I agree with you that it's chicken-and-egg. But it would be easier to conjure chickens from the vacuum without needing to hack the kernel to do so.

As someone who was introduced to SCTP by Randall's chapter in the third edition of Stevens, I was excited about using the features it described (at the time, transport-layer multihoming and multistreaming) in my applications. I then had occasion to build a compliant IPFIX implementation in 2006 (for which SCTP is the MTI), and suddenly found myself wedged between a maze of kernel patches and userland implementations on the one side and the depths of the OpenSSL codebase trying to wedge DTLS atop SCTP on the other -- for that was the way you were supposed to do security for SCTP before we decided reversing the stack was the way to go and put SCTP on DTLS on UDP. I was not a good enough programmer to get it to work reliably. In any case, the maze of kernel patches meant I could never get the compliance guys to sign off on deploying it; I suspect there's still a fair deployed base of that particular application running IPFIX over TLS over TCP for exactly that reason.

This is admittedly a relatively specific anecdote. I'll observe that with the move to mobile this problem is getting worse, not better, though.

Or tl;dr: even an open source kernel doesn't fix all your problems with requiring kernel changes to get an app deployed on a new stack.

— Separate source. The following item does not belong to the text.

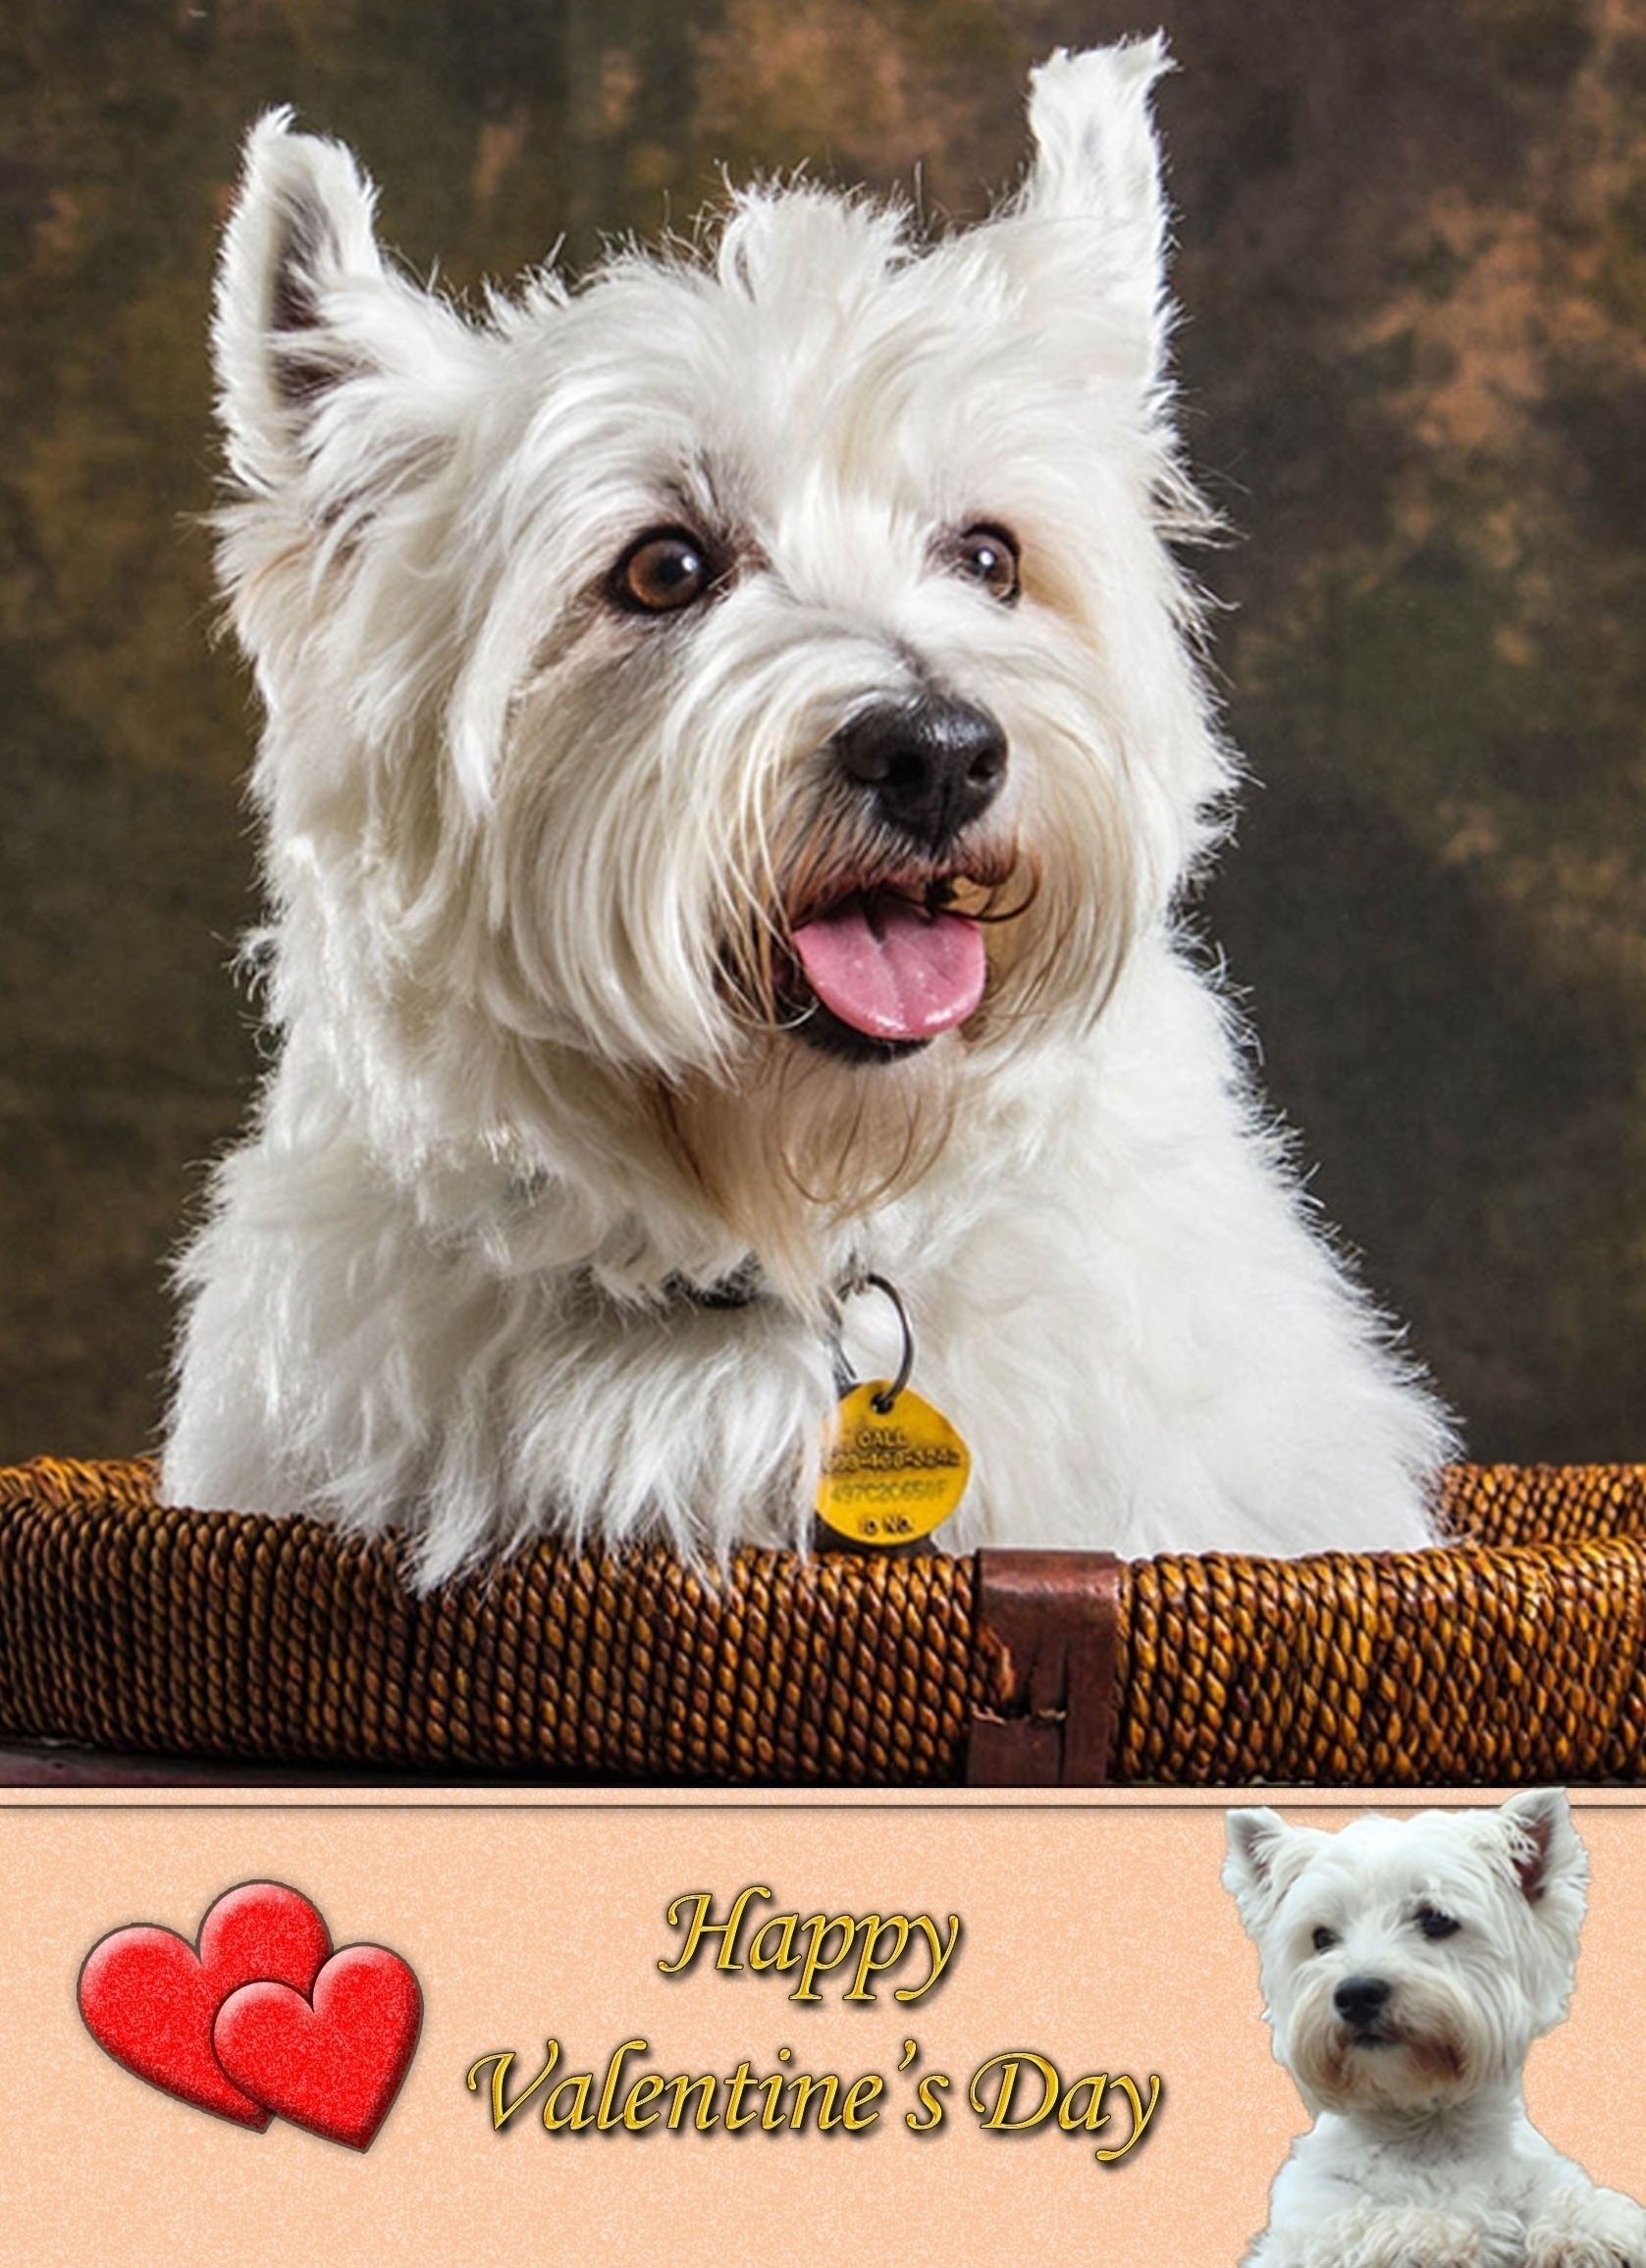 West Highland Terrier Valentine's Day Card

> In any case, for any proposed transport protocol, the questions of why
> existing protocols (e.g. SCTP, DCCP) aren't sufficient or are
> chronically non-deployable will be undoubtably raised. IMO, we should
> separate out transport protocol definition from the delivery mechanism
> intended to facilitate the short term or "transitional" goal of
> deployment on the current Internet (e.g. encapsulation in UDP). SCTP
> already demonstrates this model since it is both a native IP protocol
> (132) and can be encapsulated in UDP (RFC6951). Encapsulation of
> pretty much any IP protocol (foo-over-UDP for TCP, DCCP, etc.) is
> straightforward, and in fact GUE already defines a common and
> extensible method that allows encapsulation of any IP protocol over
> UDP without needing a port number for each protocol.

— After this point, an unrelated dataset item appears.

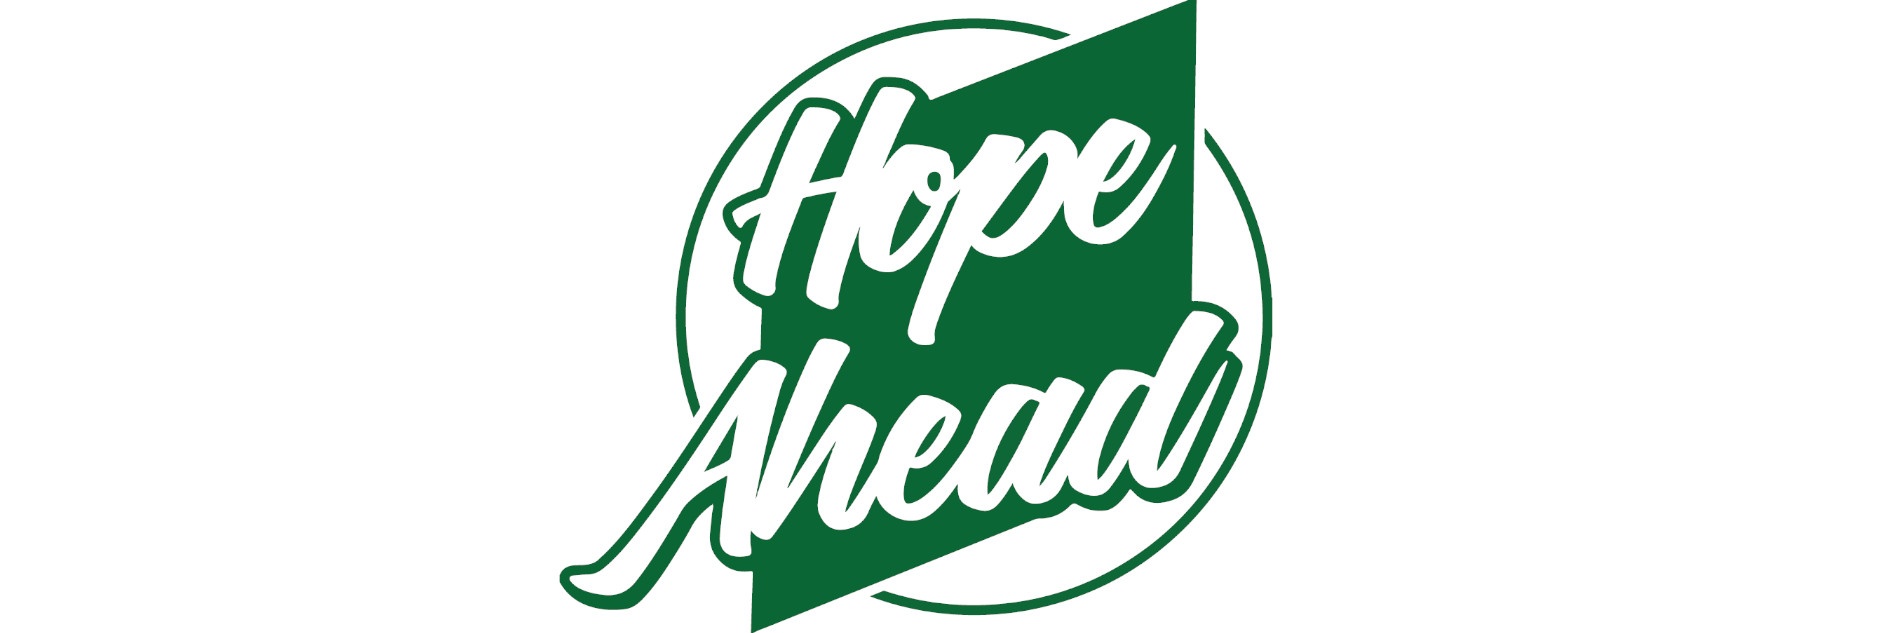 "Hope Ahead"-Schriftzug in einem Logo, das aus einem Kreis und einer Raute besteht.
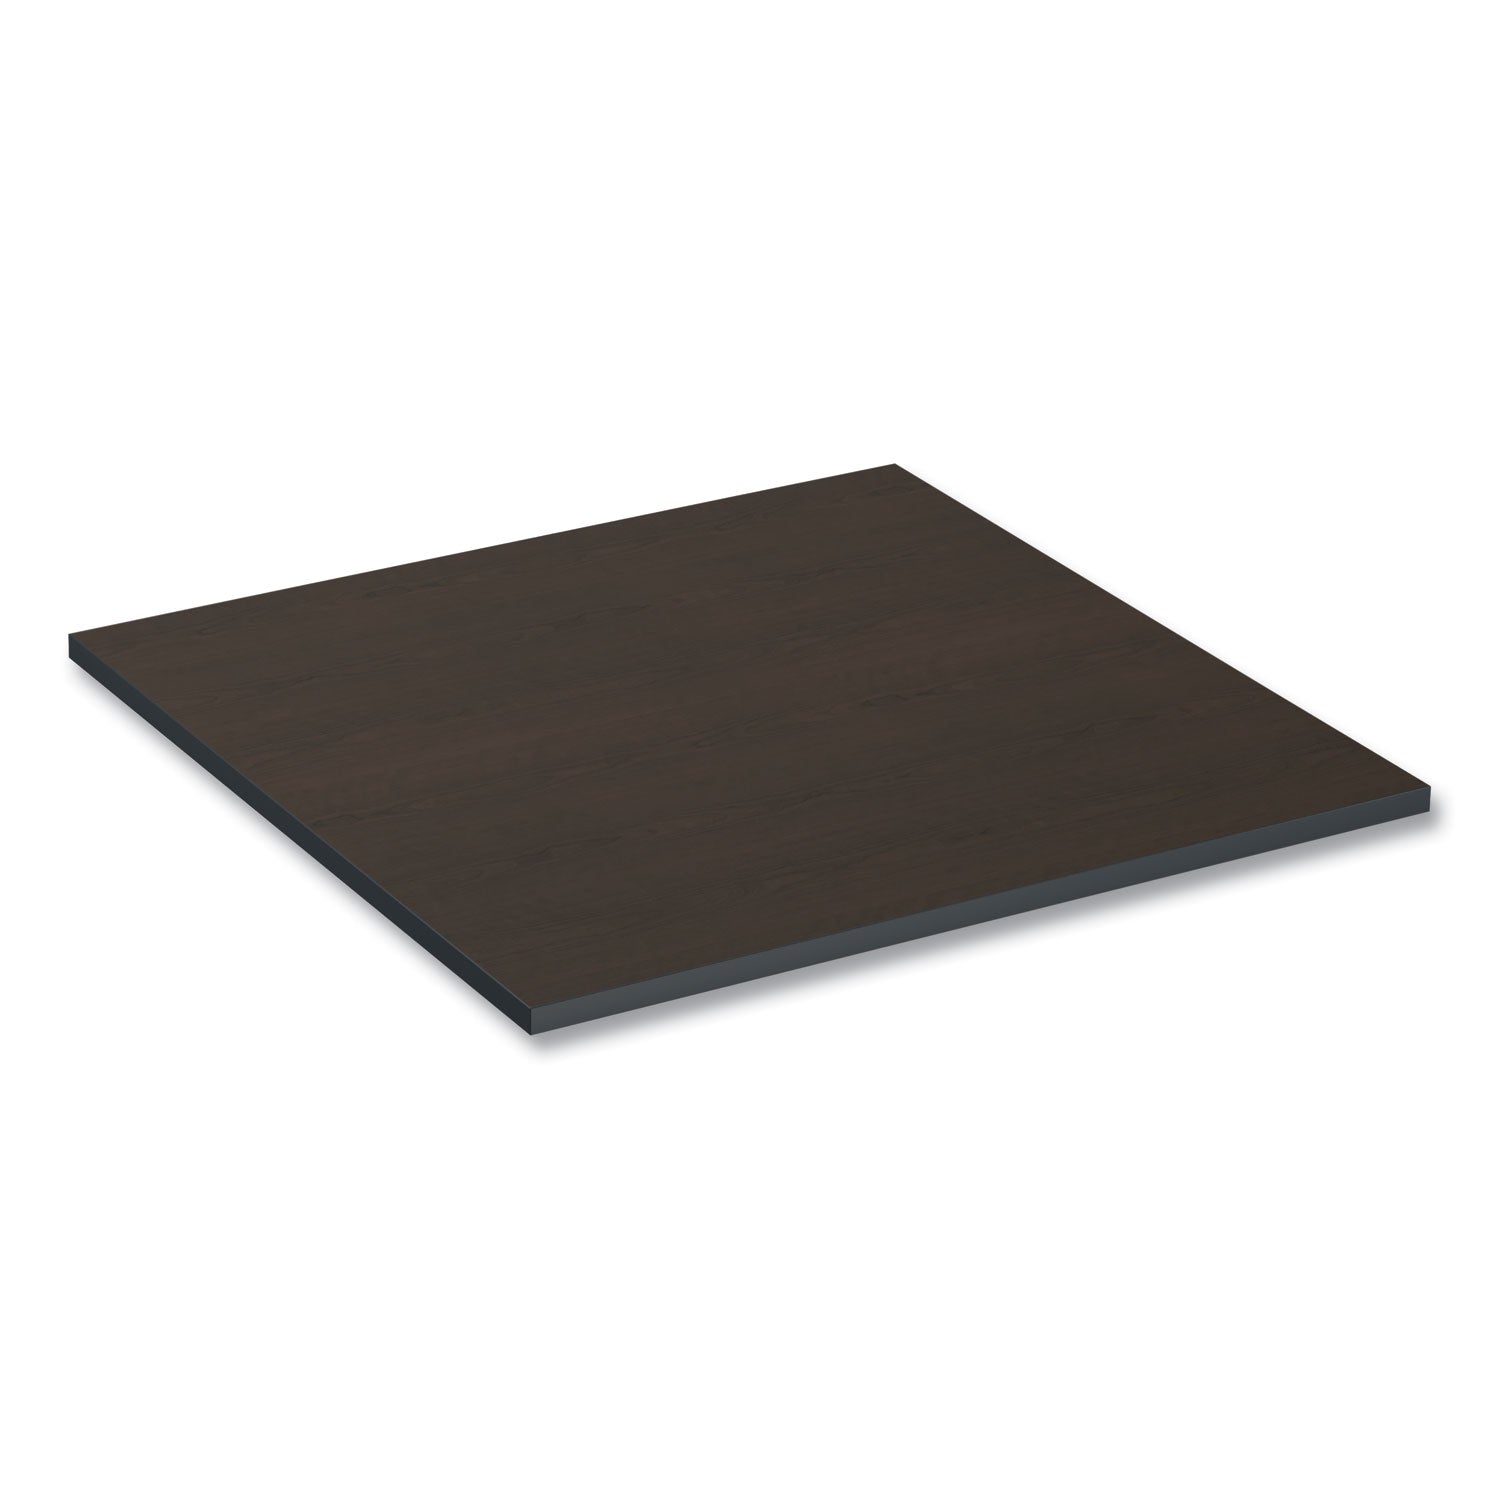 reversible-laminate-table-top-square-3538w-x-3538d-espresso-walnut_alettsq36ew - 7

I've skimmed the draft but need to look into GUE more deeply. Is there code I can play with somewhere?

In any case I agree completely that the "evolutionary" requirement ("support userspace implementation and deployment of new transports in the Internet") should be separated from the "transitional" requirement (UDP encaps).

> As for the desire to run transport protocols in userspace, I would
> point out that transport layer stacks are *not* implemented in a
> vacuum. For instance, a fully functional and performant kernel TCP
> stack will directly interact with the IP layer protocols, driver
> layer, the device, and other sub-systems in the kernel. Interactions
> with IP protocol layer are needed to support PMTU discovery, explicit
> congestion notification, and network QoS via diff-serv. For PMTU
> discovery, we need an interface to set DF for IPv4 and to get ICMP PTB
> messages, for ECN we need to get bits from the IP header of marked
> packets, for diff-serv we need a mechanism to set DSCP bits. I would
> be surprised if support for these were not requirements of a new
> transport protocol intended for Internet scale.

I agree with you here: we need a standard kernel interface for getting PMTU and ECN information back from the IP stack into userspace, and a bidirectional interface for DSCP -- and the abstract API should be reasonably portable across platforms. These are not merely necessary for transport protocols in userspace; this information is often useful up at the application layer, as well.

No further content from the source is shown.